## EXCERPTED RECORDS

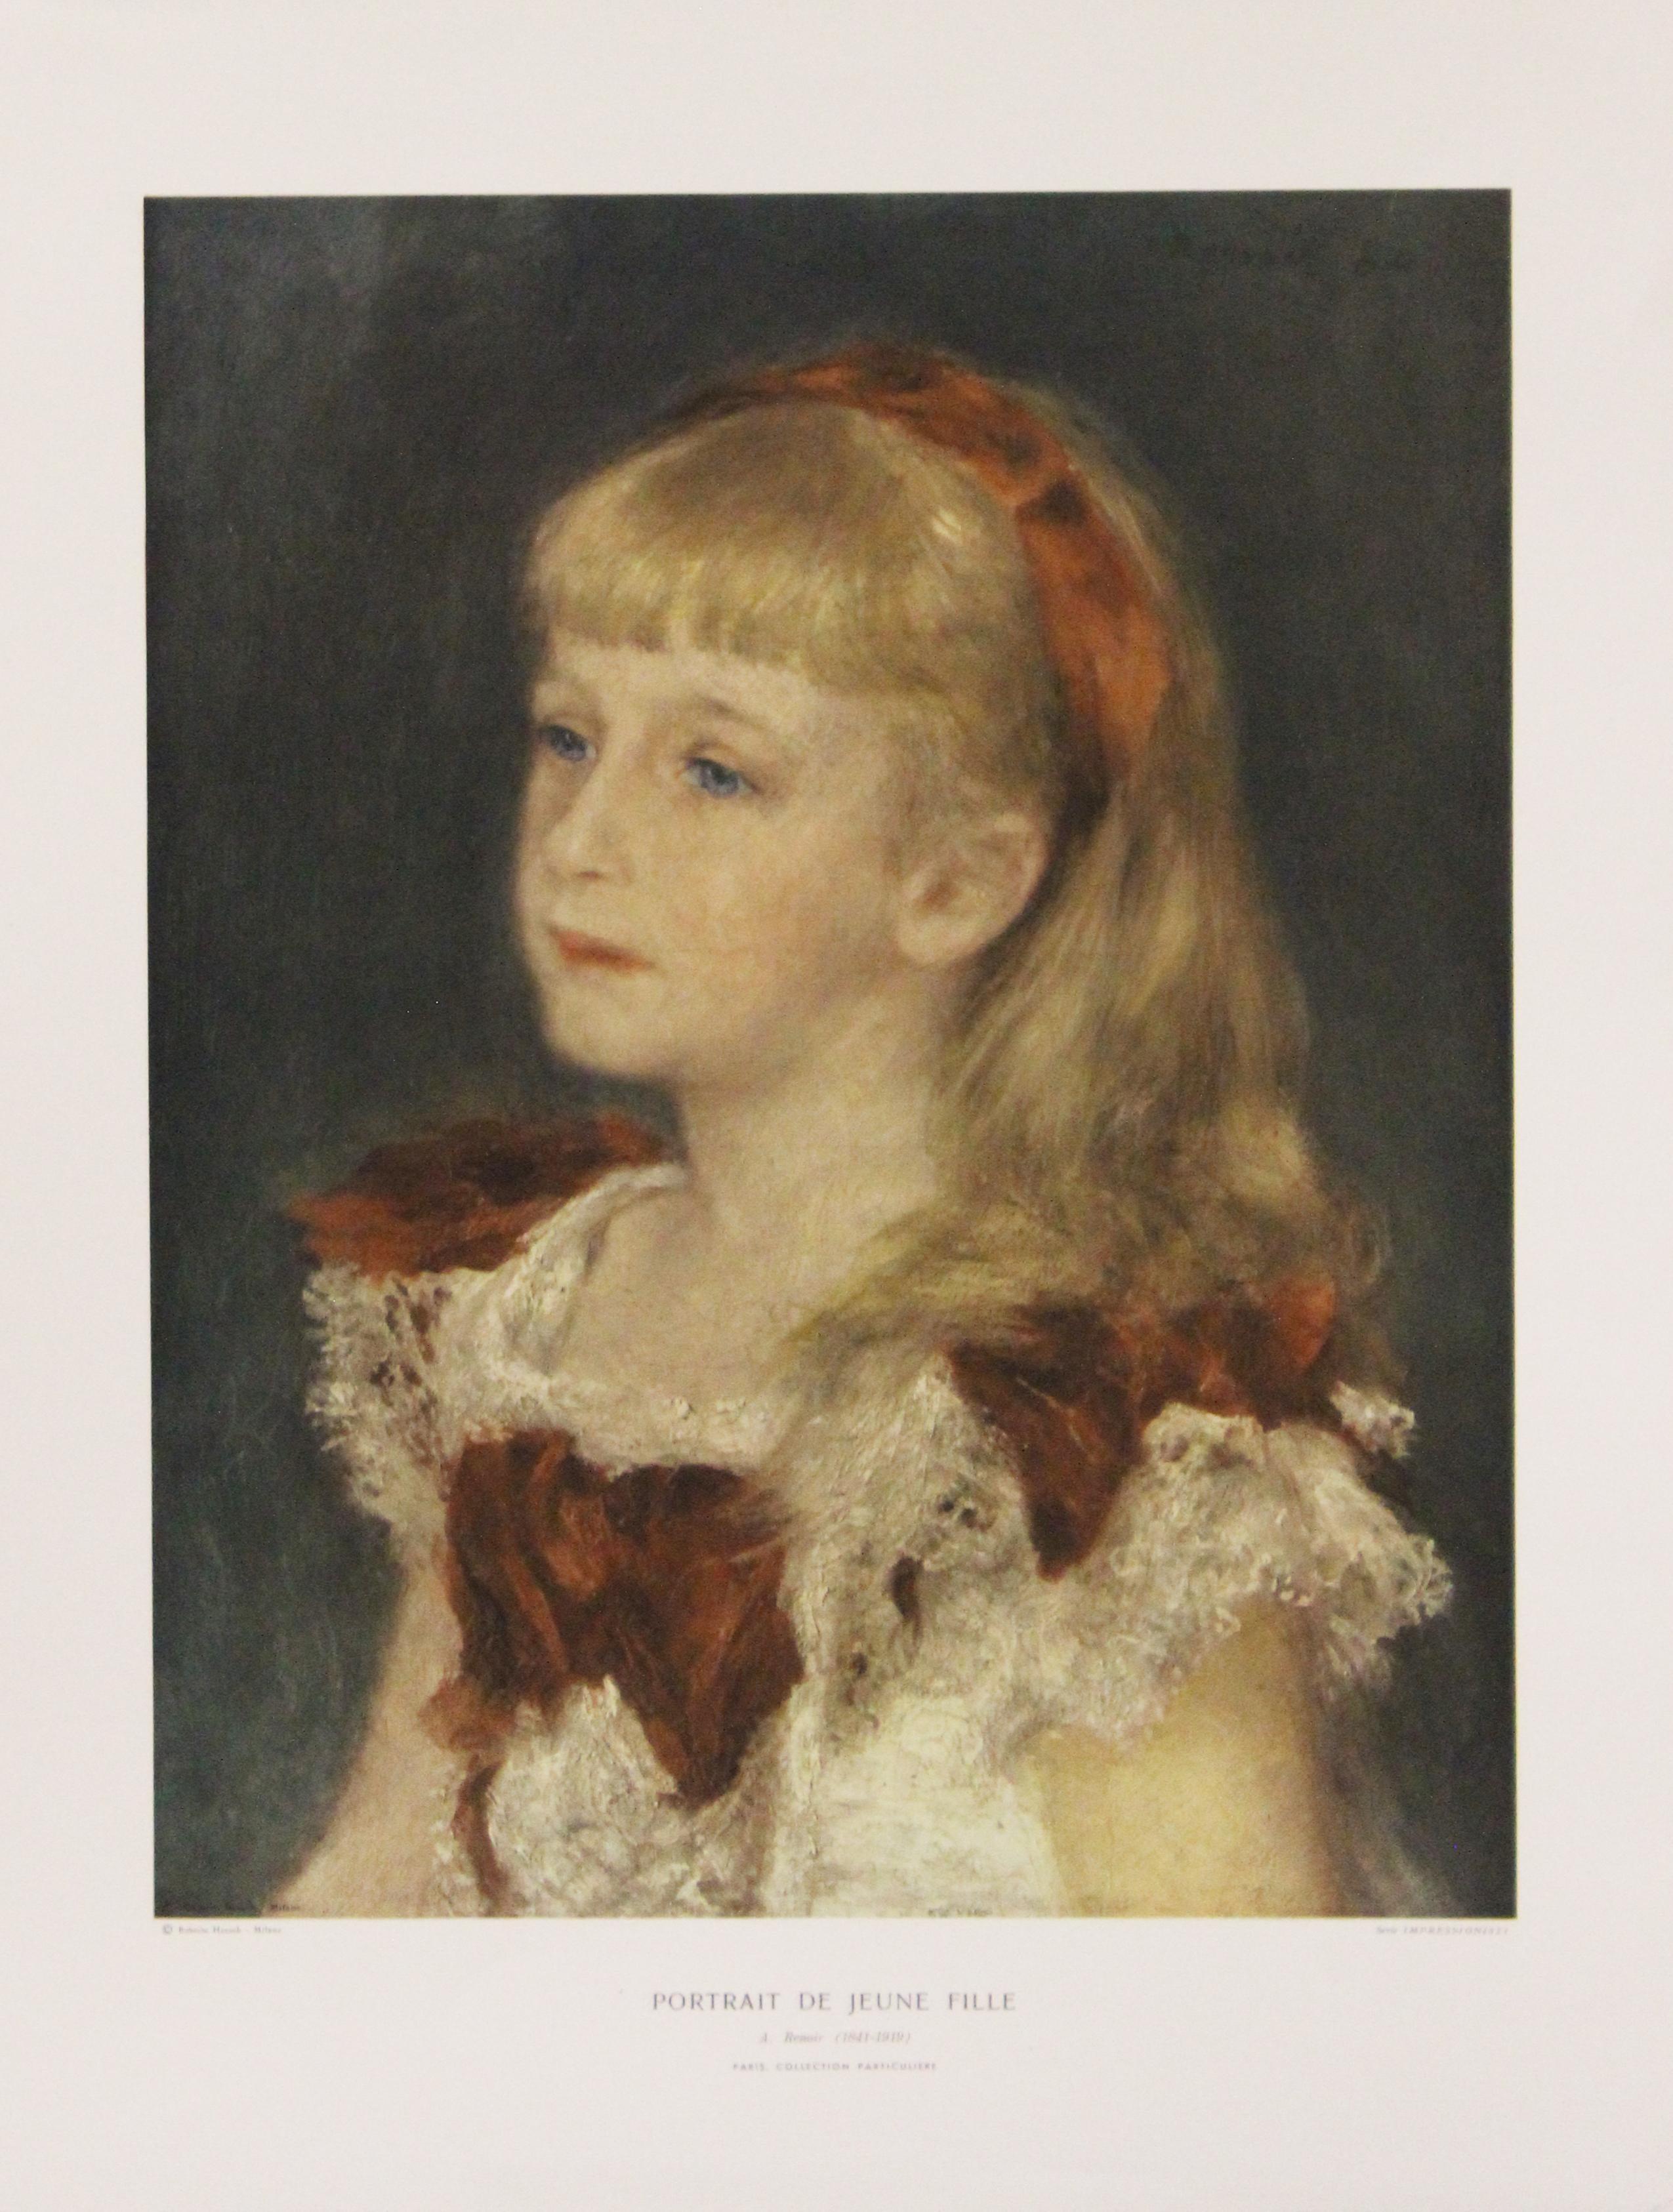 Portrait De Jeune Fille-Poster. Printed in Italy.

...

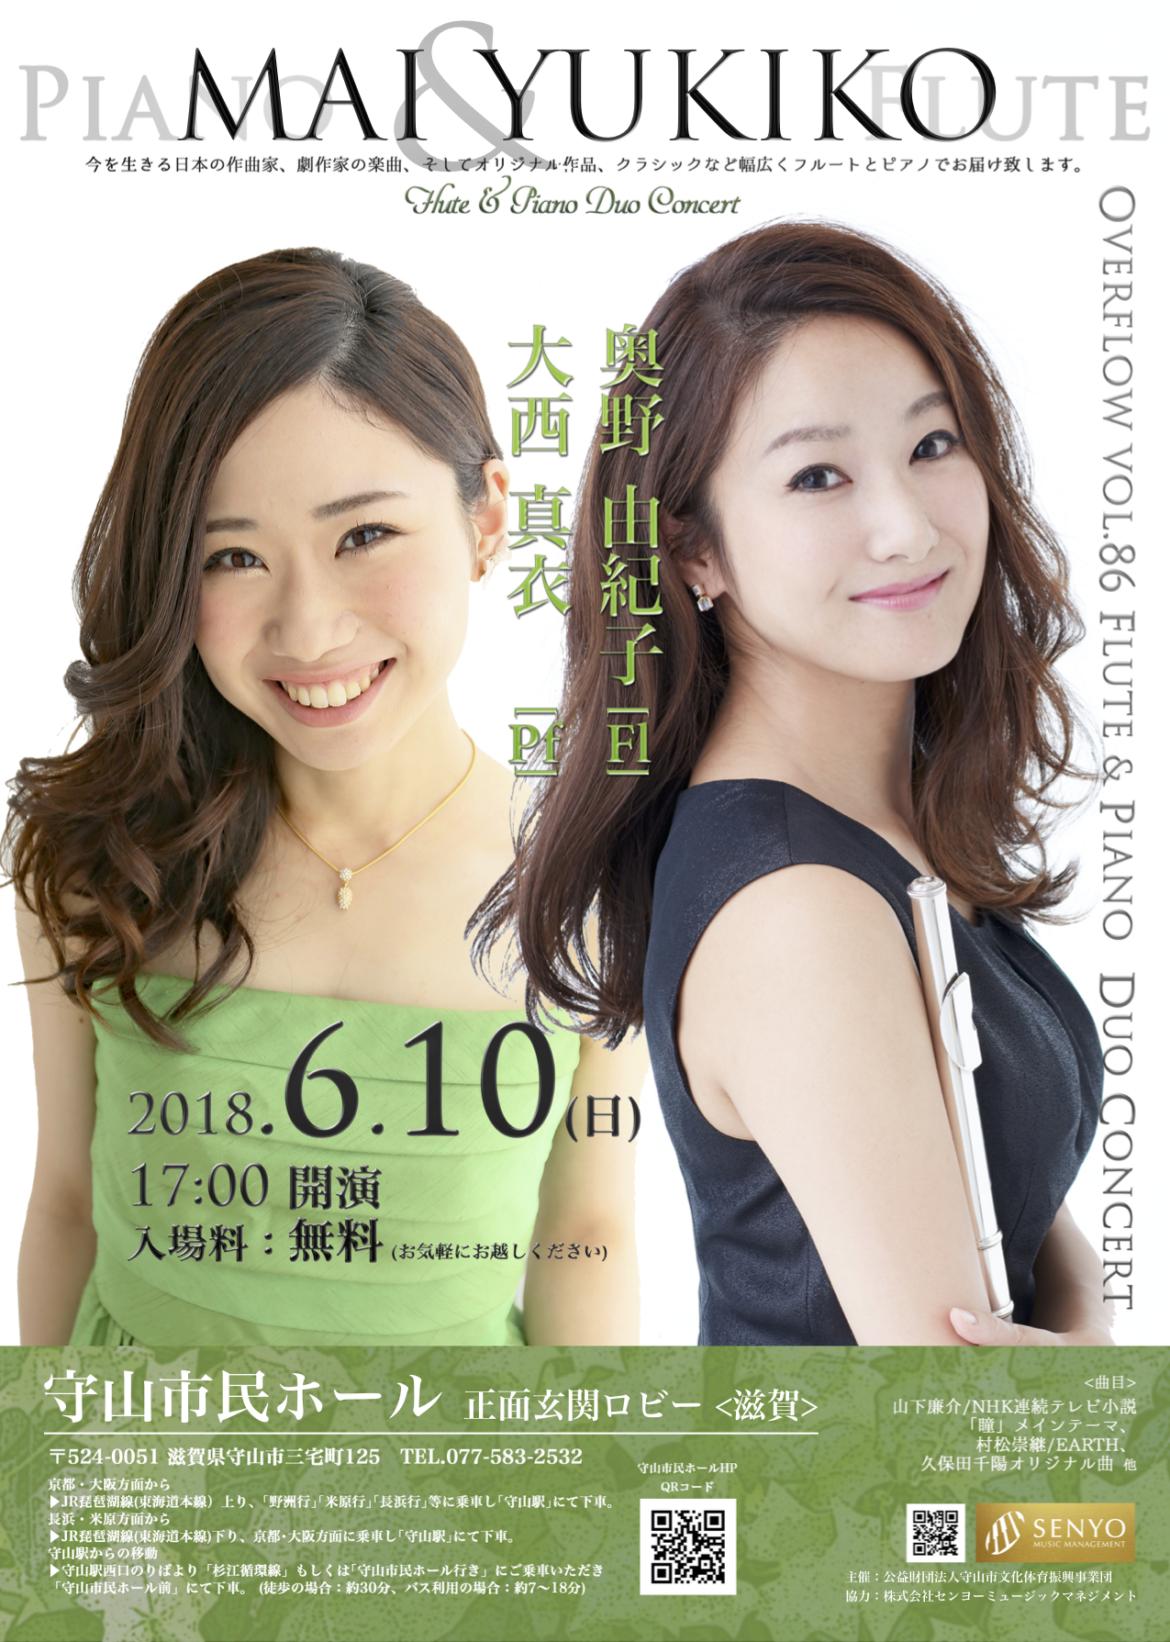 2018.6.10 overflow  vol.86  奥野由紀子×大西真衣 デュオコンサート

* * *

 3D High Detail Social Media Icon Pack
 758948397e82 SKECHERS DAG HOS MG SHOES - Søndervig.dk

## TASK INSTRUCTIONS
Please, from the entries above, set down exactly the lines from the one containing "3D High Detail Social Media Icon Pack" through the one containing "758948397e82 SKECHERS DAG", and only those.

## FINISHED EXERCISE
 3D High Detail Social Media Icon Pack
 758948397e82 SKECHERS DAG HOS MG SHOES - Søndervig.dk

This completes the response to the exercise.